### Exercise requirements
Look in the material below for the line with "Gift Ideas For Newly Married Couple" and the line with "25 Gifts for Newlyweds Who Have Everything", then set down exactly those two lines and all lines between, nothing more.

### Data to use

□ □ □ □ □ □ □

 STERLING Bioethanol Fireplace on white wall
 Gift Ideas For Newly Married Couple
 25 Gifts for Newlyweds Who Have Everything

□ □ □ □ □ □ □

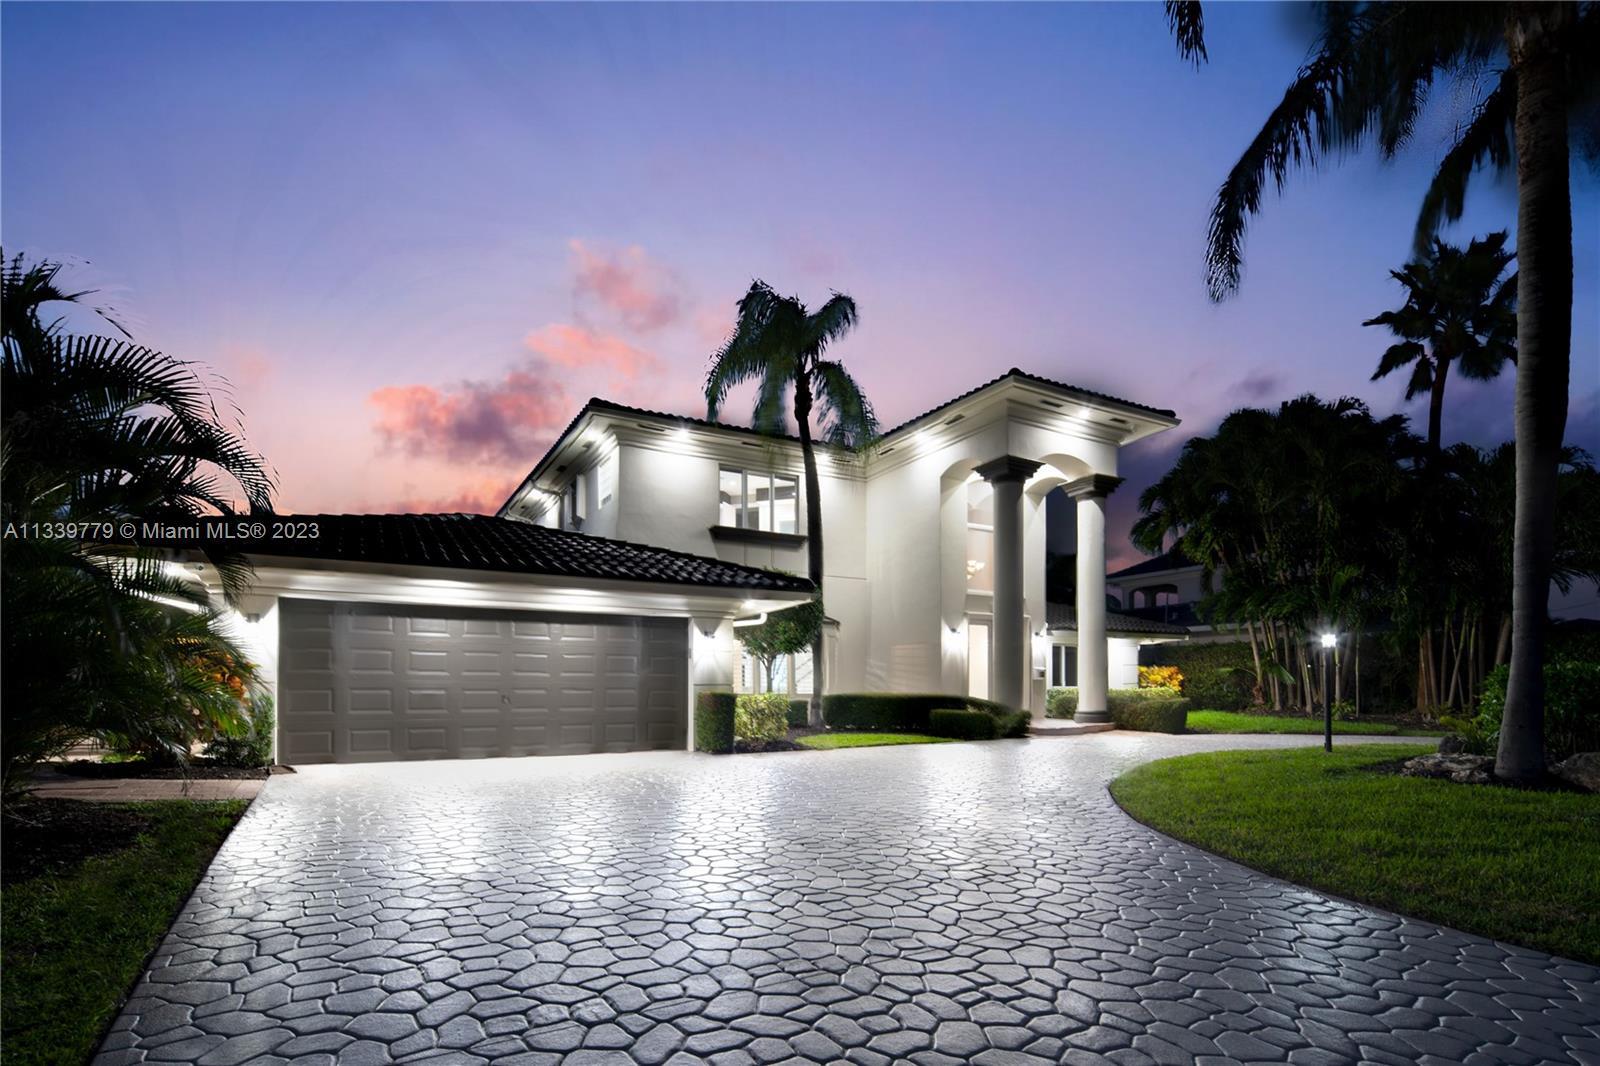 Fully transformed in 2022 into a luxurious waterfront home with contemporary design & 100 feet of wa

□ □ □ □ □ □ □

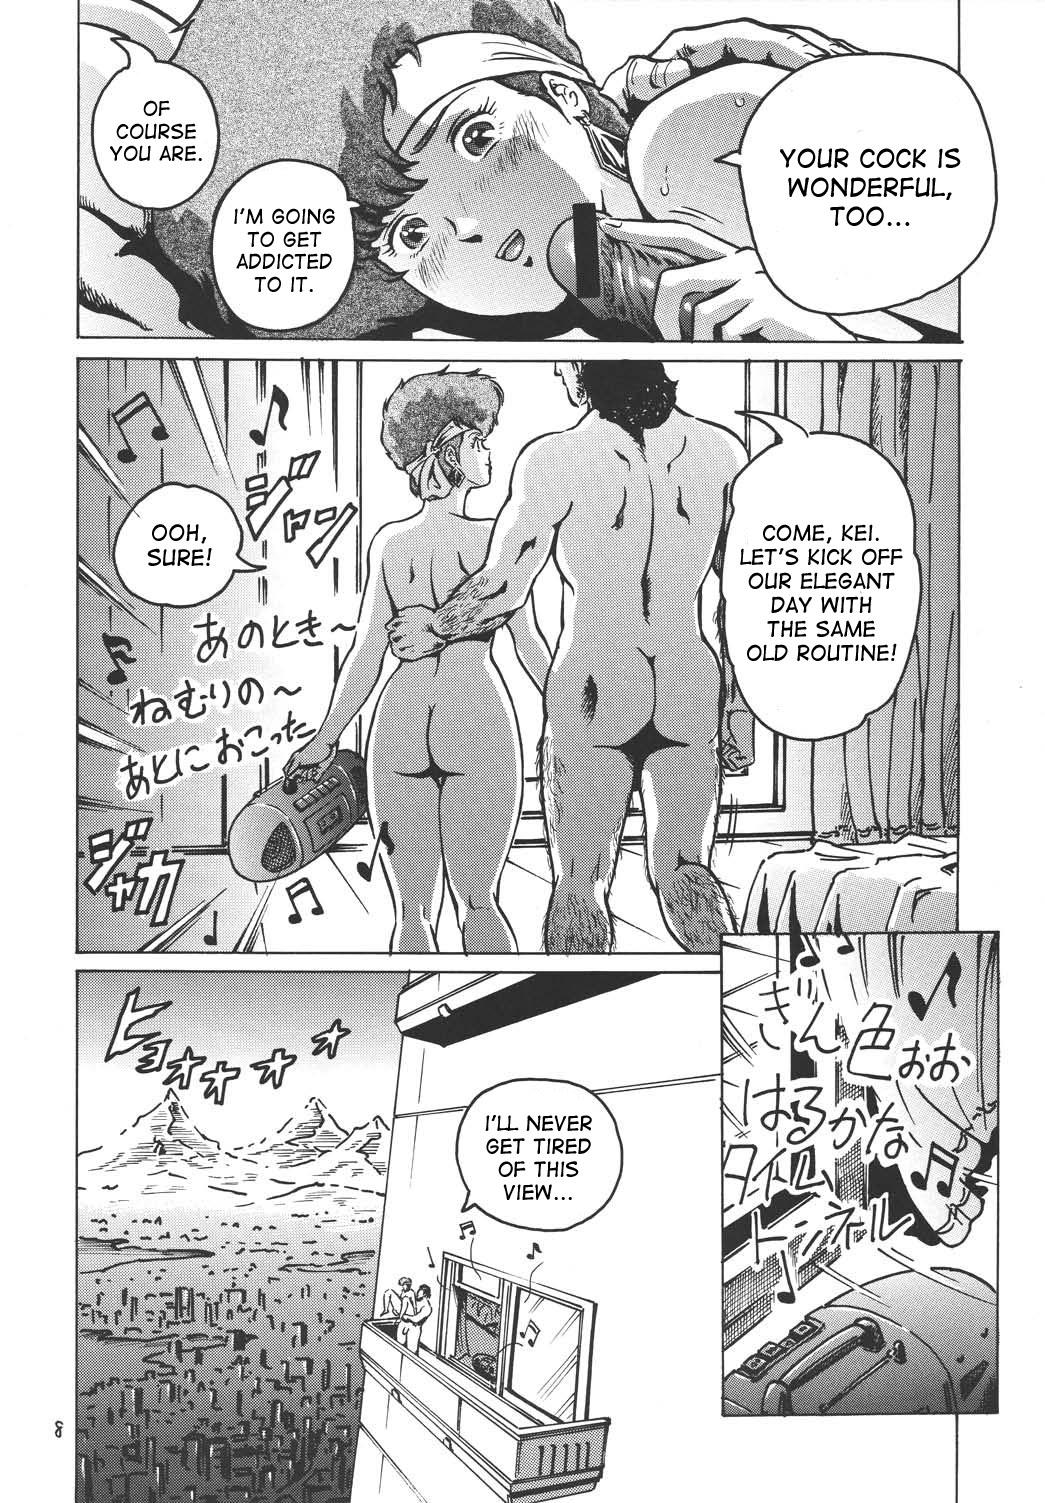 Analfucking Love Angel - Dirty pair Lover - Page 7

□ □ □ □ □ □ □

### Task solution
 Gift Ideas For Newly Married Couple
 25 Gifts for Newlyweds Who Have Everything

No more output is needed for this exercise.